3. Download the data from [here](https://d17h27t6h515a5.cloudfront.net/topher/2016/August/57b5f748_newsdata/newsdata.zip).
4. Unzip this file after downloading it. The file inside is called newsdata.sql .
5. Copy the newsdata.sql file and content of this current repository, by either downloading or cloning it from [Here](https://github.com/arbidha/Log_Analysis)
1. Launch the Vagrant VM inside Vagrant sub-directory in the downloaded fullstack-nanodegree-vm repository using command:
$ vagrant up
2. Then Log into this using command:
$ vagrant ssh
3. Change directory to cd /vagrant and look around with ls.
1. Load the data in local database using the command:
psql -d news -f newsdata.sql
The database includes three tables:
○ The authors table includes information about the authors of articles.
○ The articles table includes the articles themselves.
○ The log table includes one entry for each time a user has accessed the site.
2. Use psql -d news to connect to database.

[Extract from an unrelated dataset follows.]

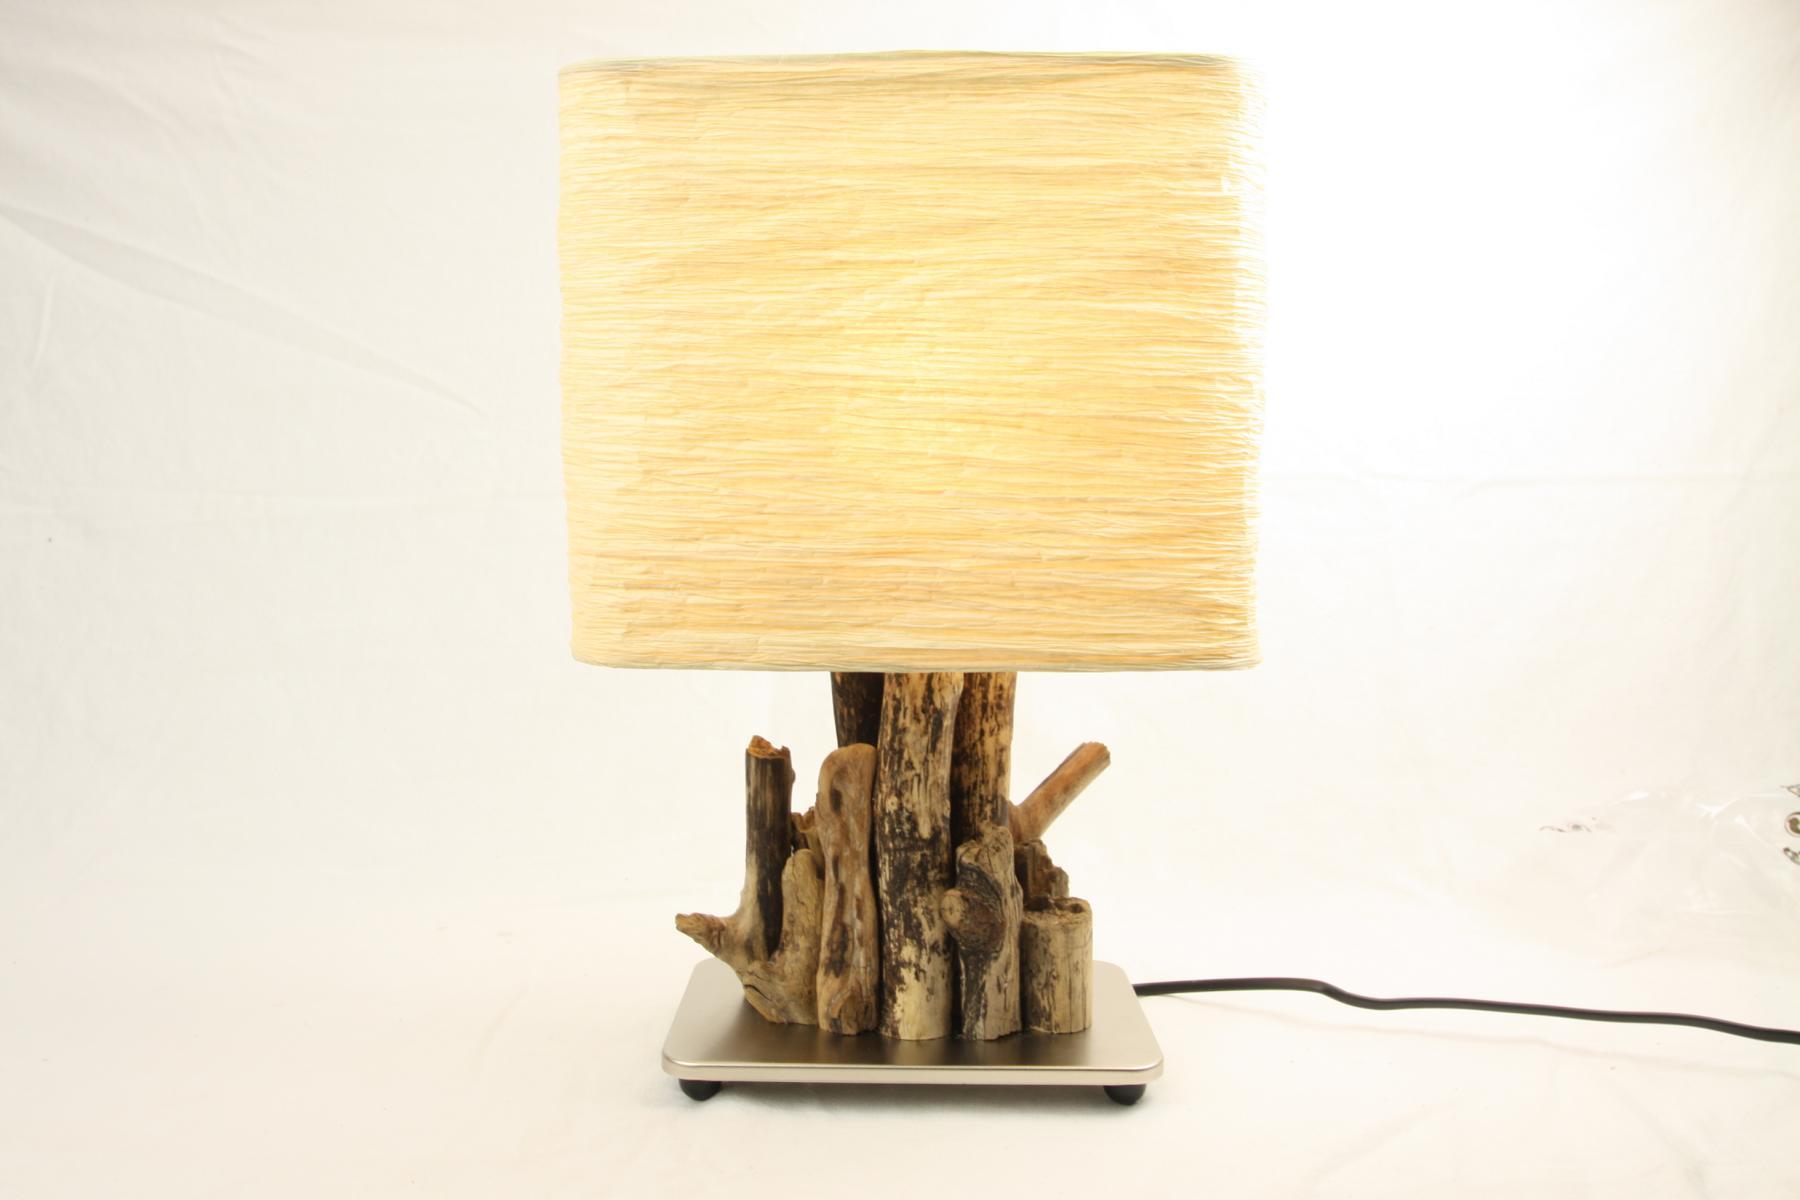 Led Lampe Wohnzimmer mit perfekt design für ihr haus ideen

3. Create view popular_article_view using:
CREATE VIEW popular_article_view AS
SELECT title ,count(*) AS views
FROM articles a
JOIN log l
ON a.slug = substring(l.path,10)
GROUP BY 1
order by 2 desc ;
4. Create view error_log_view using:
CREATE VIEW error_log_view AS
SELECT date(time) AS errortime ,round(100.0 * SUM(
CASE log.status WHEN '200 OK'
THEN 0 ELSE 1 END)
/count(log.status),2) AS error_percent
FROM log
GROUP BY date(time)
ORDER BY error_percent DESC;
1. From the vagrant directory inside the virtual machine,run log_analysis.py
$ python log_analysis.py